Вот, значит, как. Не ко мне они шли, не я был целью их путешествия, и лишь благодаря недоразумению оказался вовлечен в водоворот событий. Что ж поделом мне, дураку, а то возомнил себя непонятно кем, решил, что ты не щепка, а полено, из которого папы Карлы будут стругать светоч отечественной словесности. Стоило бы выдохнуть с облегчением, но злость уже заполнила меня до краев. — Я вам что, пикник на обочине?
— Какой пикник упоминает сей неразумный вьюноша? — качнувшись в сторону Дуньки, спросил черт.
— Это он Стругацких цитирует, — подалась навстречу крыса.
— Кто такие? И почему на обочине? — недоумевал Варфаламей.
— Долго объяснять. Писатели, пастыри фантастики. Кумиры миллионов.
— Сектанты?
— Скорее гуру.
— Интересно, — черт даже потер ладошками в предвкушении. — И что же они проповедуют?

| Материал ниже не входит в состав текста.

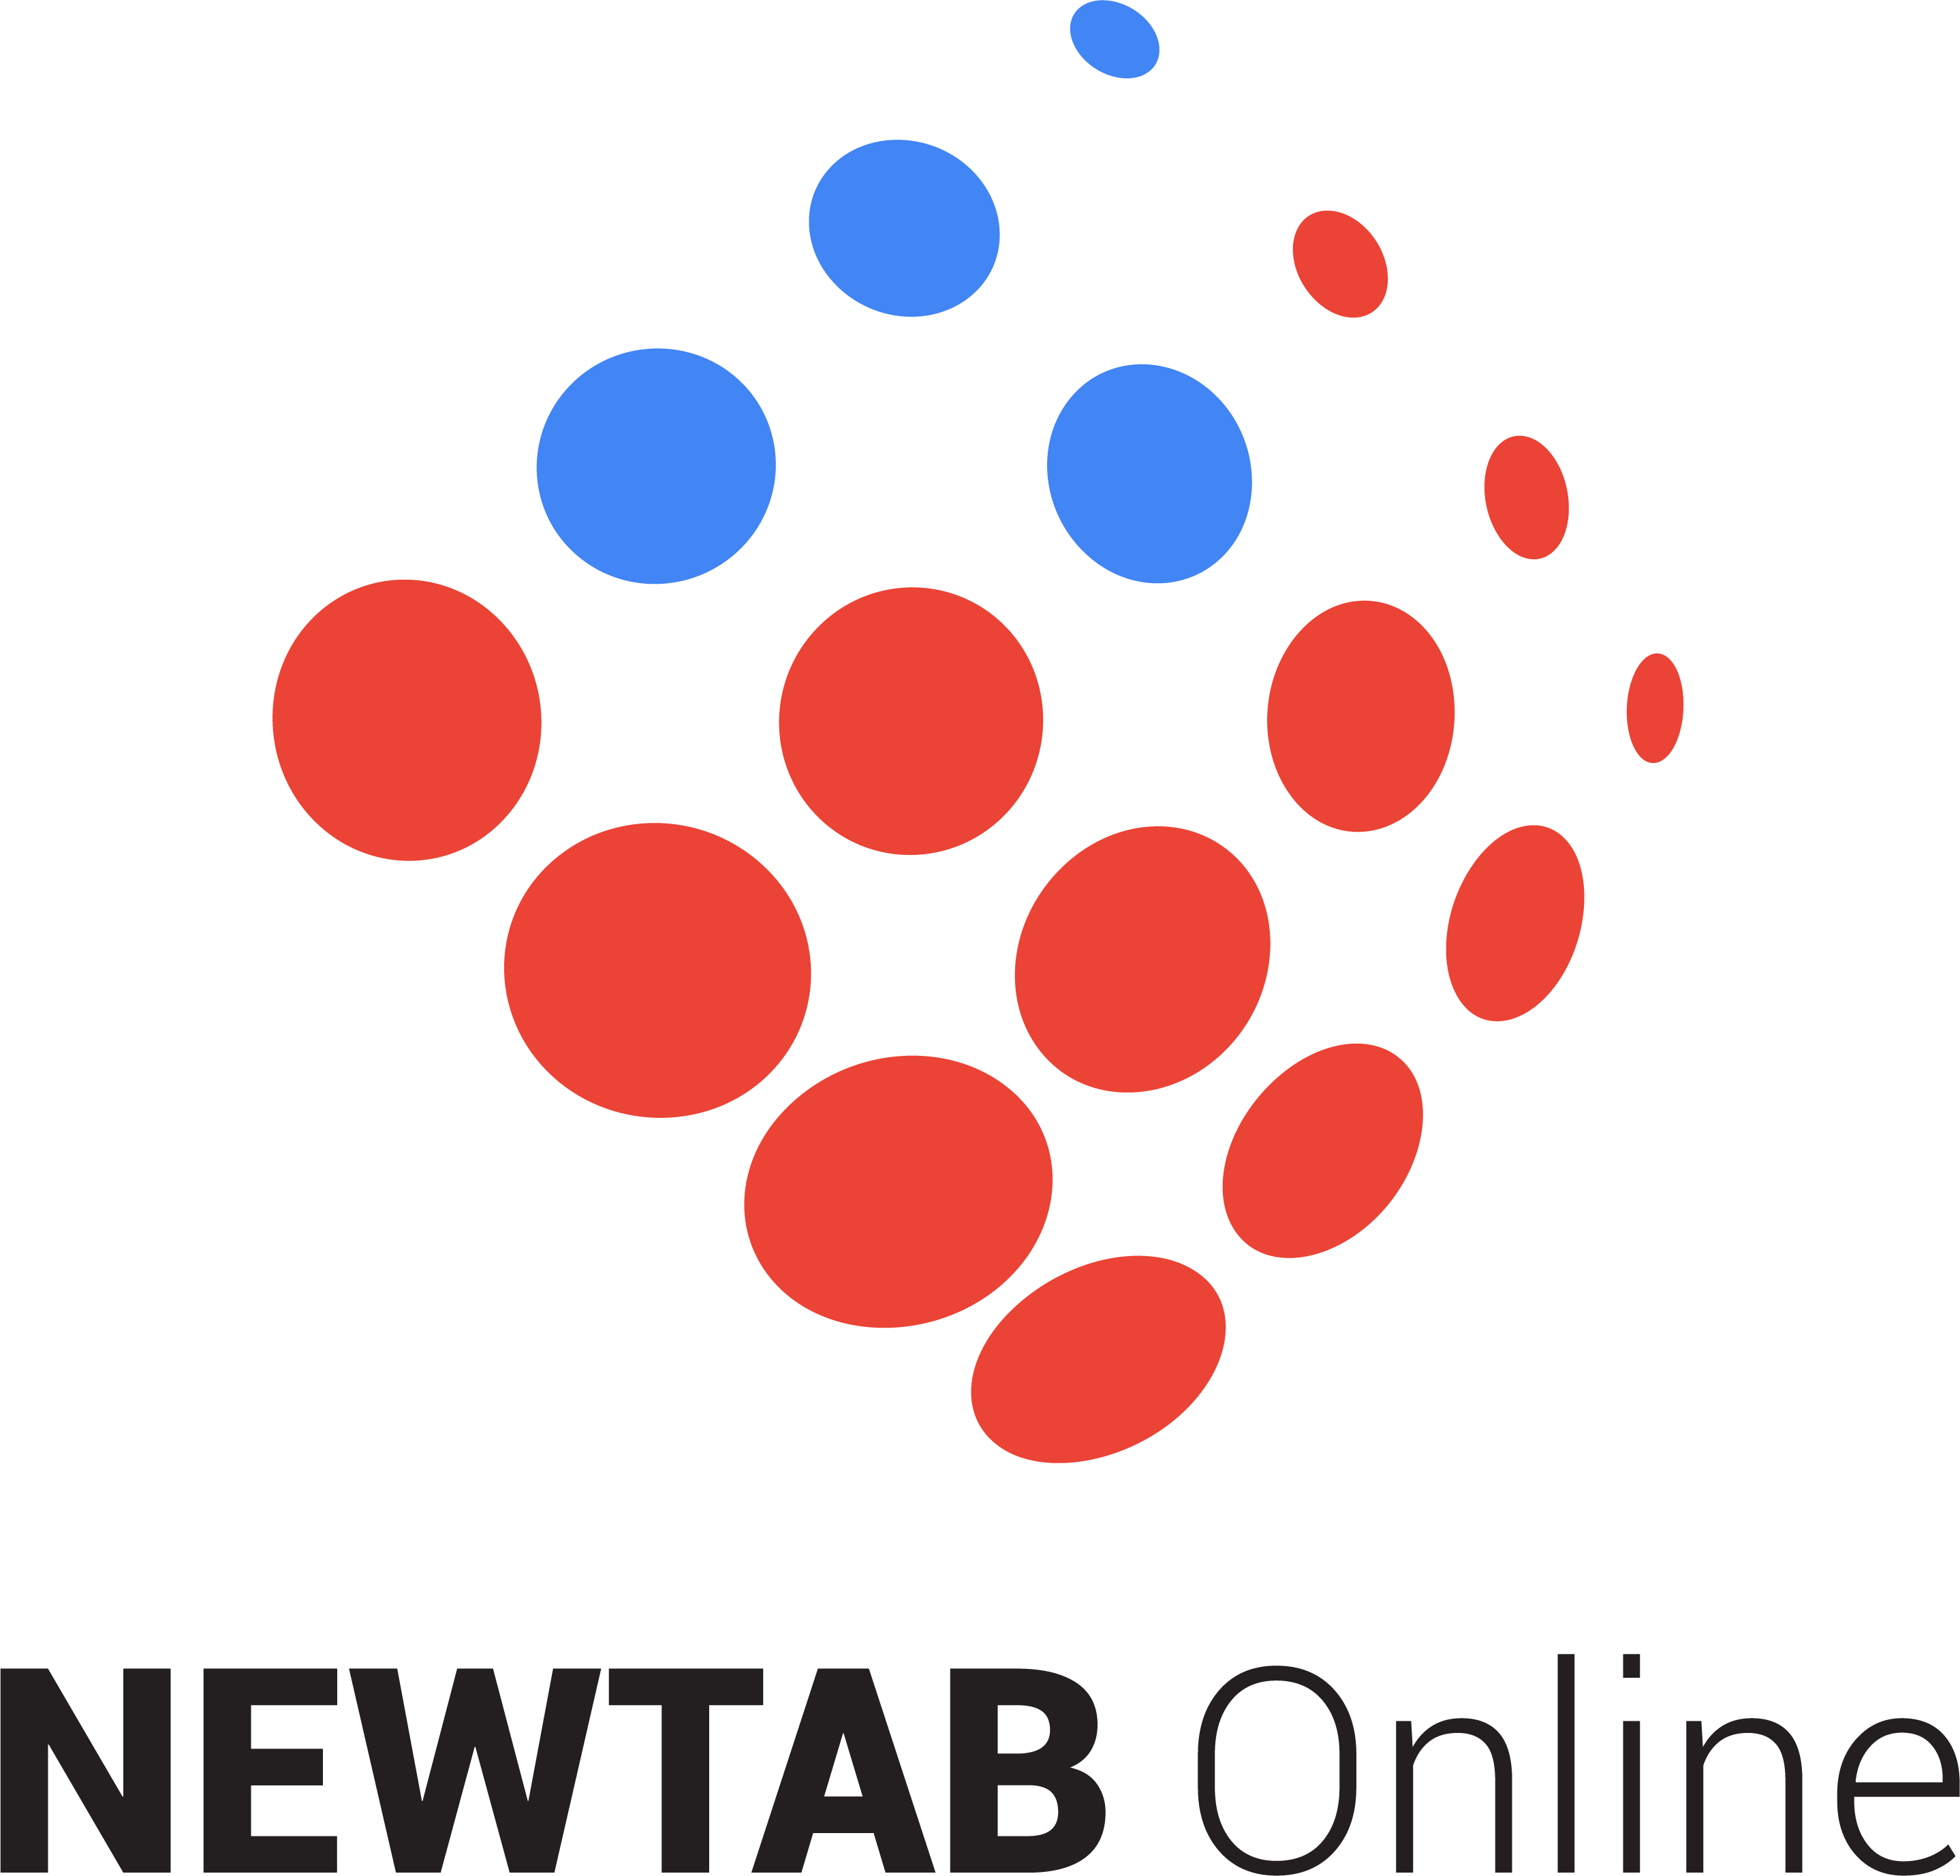 Newtab Online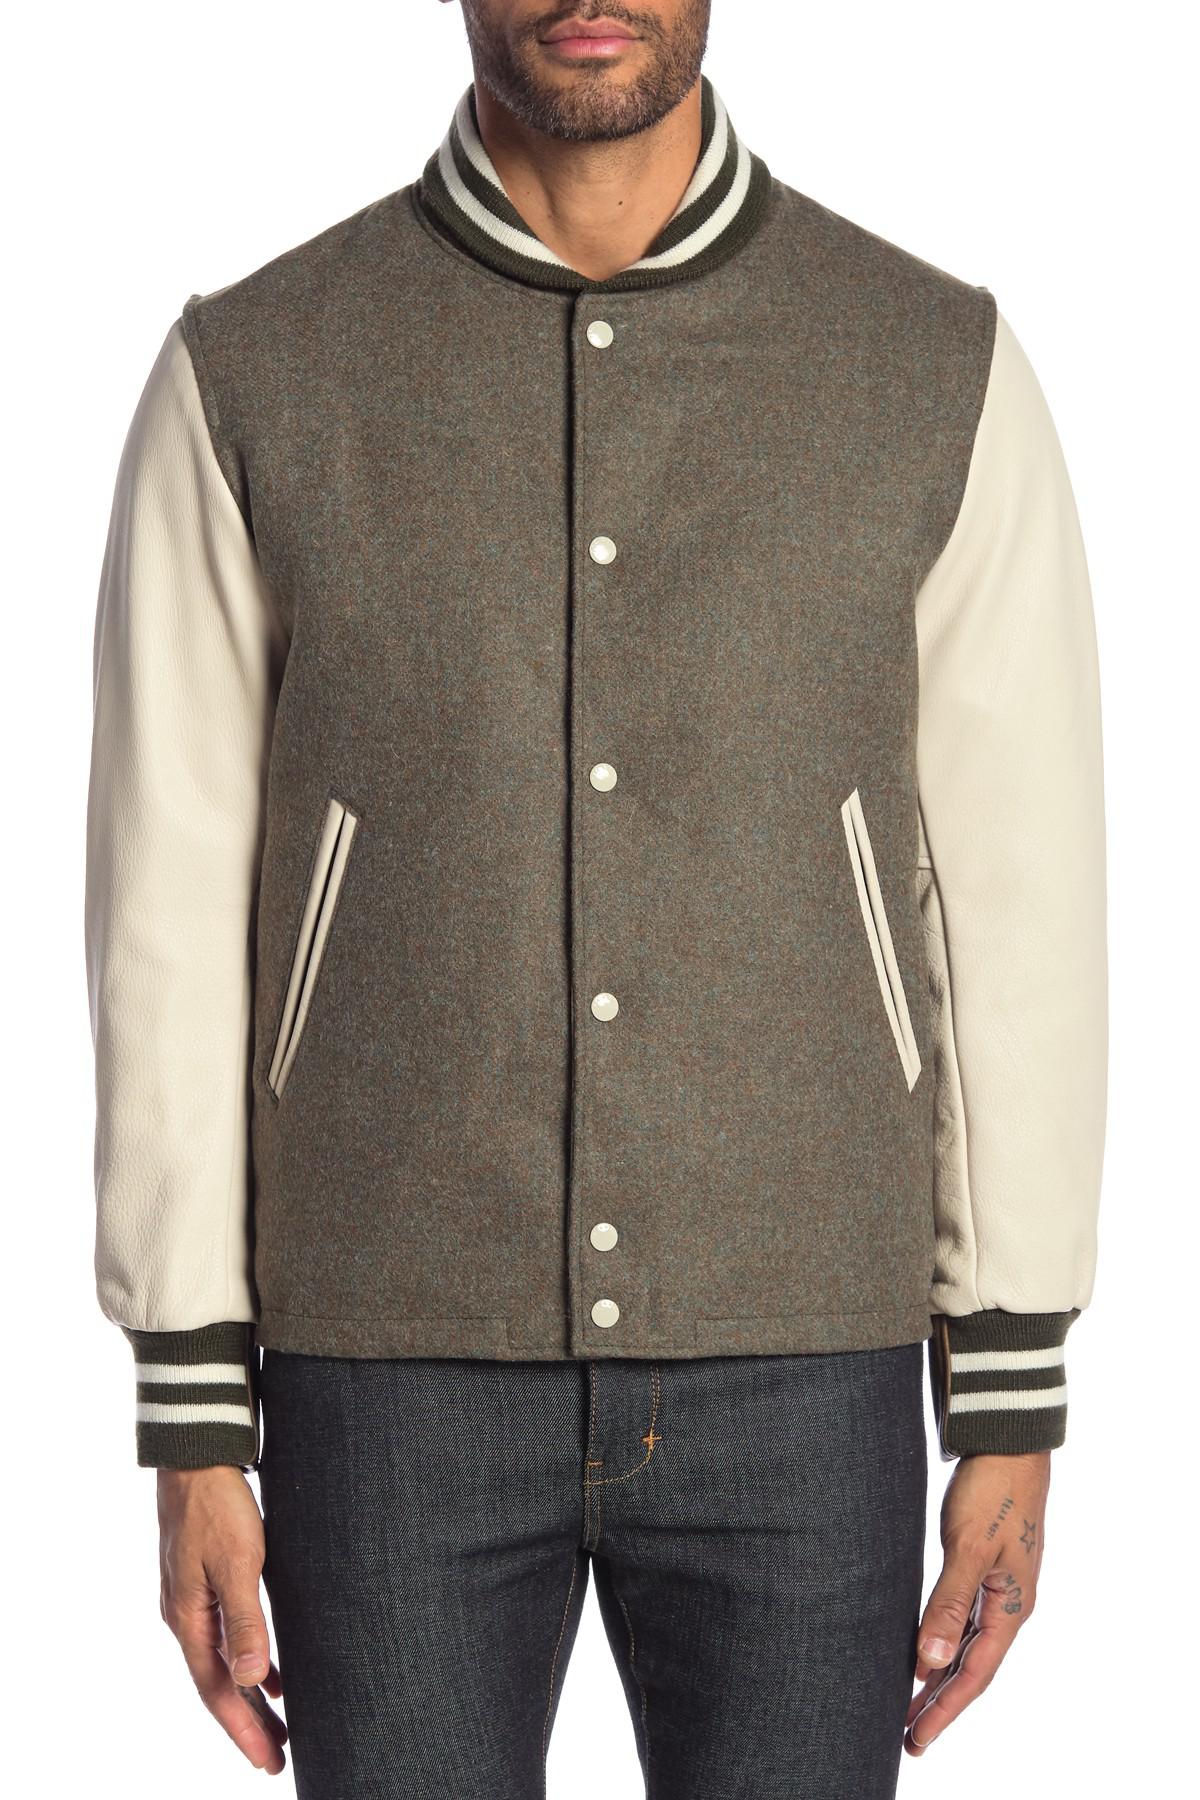 Rag & Bone Leather Panel Wool Varsity Jacket for Men - Lyst

— Неизбежность прогресса, — ответила Дунька с пафосом, будто подрабатывала у Стругацких пресс-секретарем. — Его влияние на моральный облик населения.
— Эка невидаль, — разочарованно усмехнулся Варфаламей. — Поступательное движение прогресса оказывает разлагающее действие, как на отдельных особей, так и на все общество в целом, способствует потере значительной части населения последних нравственных ориентиров.